Disable Puma worker killer in resource managed environments
We run a piece of Ruby code called the puma worker killer in GitLab. It is a background thread that reaps worker processes if they run over a given RSS budget, or if some timer expires. We recently realized that this wasn't running in SaaS (or any Helm based deployment) due to a configuration bug (it was intended to run): #334831 (closed)
The question came up: does it even make sense to run this in a resource-controlled environment like k8s, where we define container and pod resource budgets anyway through k8s? Should we just be turning this off? I believe it dates from a time when SaaS was being deployed from Omnibus and running on VMs, where there was no supervision in place to control resource use.
From the feedback so far, the pros and cons are:
Pros:
- Dogfooding and behavioral parity with unmanaged envs like from-source or Omnibus
- Prevent situations where the container is being killed without warning due to load spikes (see comments in #364184 (comment 969403853))
Cons:
- Must be kept aligned with container resource budgets
- More configuration to manage
- It calculates memory use based on RSS, which is ill-suited for pre-fork servers where memory is shared between processes
- Can hide memory issues, since PWK regularly rolls over workers
Rollout
I decided to move ahead with this issue since there isn't enough evidence for PWK being useful enough in chart-based deployments in its current state (which does not mean we may not revive this in some other form), and it blocks !88928 (merged).
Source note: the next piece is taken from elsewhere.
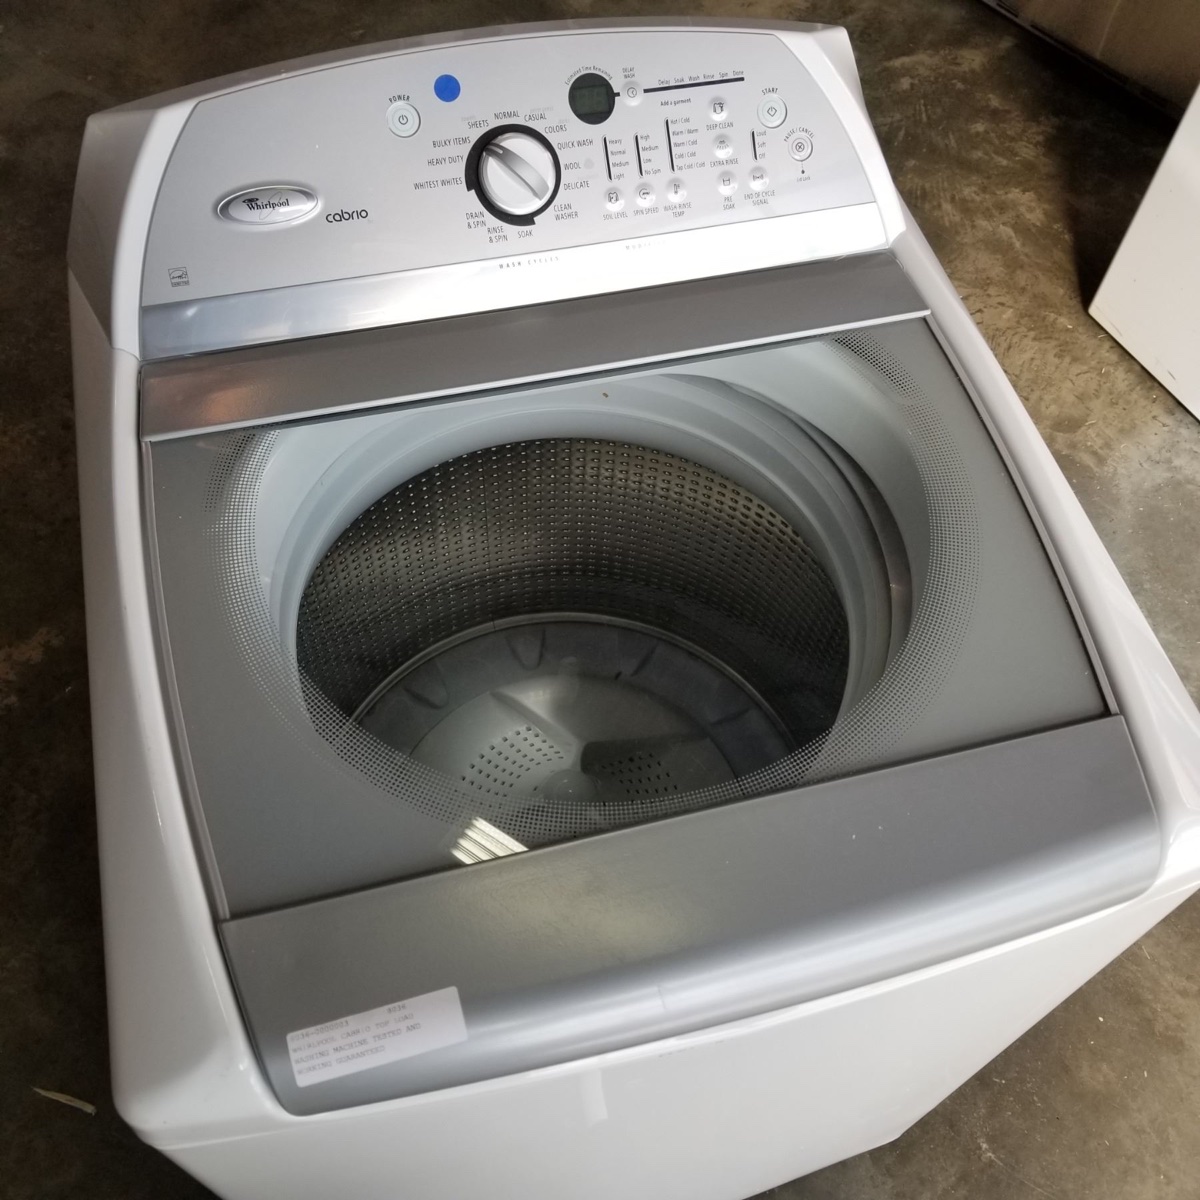 How To Start Whirlpool Washer

The rollout needs to be carefully orchestrated so that we do not accidentally enable the PWK in production with insufficient memory thresholds. The order I think should be:
Disable PWK in chart-based deployments
-
Disable PWK in the GitLab chart: gitlab-org/charts/gitlab!2605 (merged) -
Disable PWK in SaaS - Disable it in pre-production: gitlab-com/gl-infra/k8s-workloads/gitlab-com!1850 (merged)
- Disable it in production: gitlab-com/gl-infra/k8s-workloads/gitlab-com!1854 (merged)
Fix bug that caused it to be disabled even when it was enabled
This was broken out into #365954 (closed)
This should put us in a safer position to iterate on PWK or a potential replacement.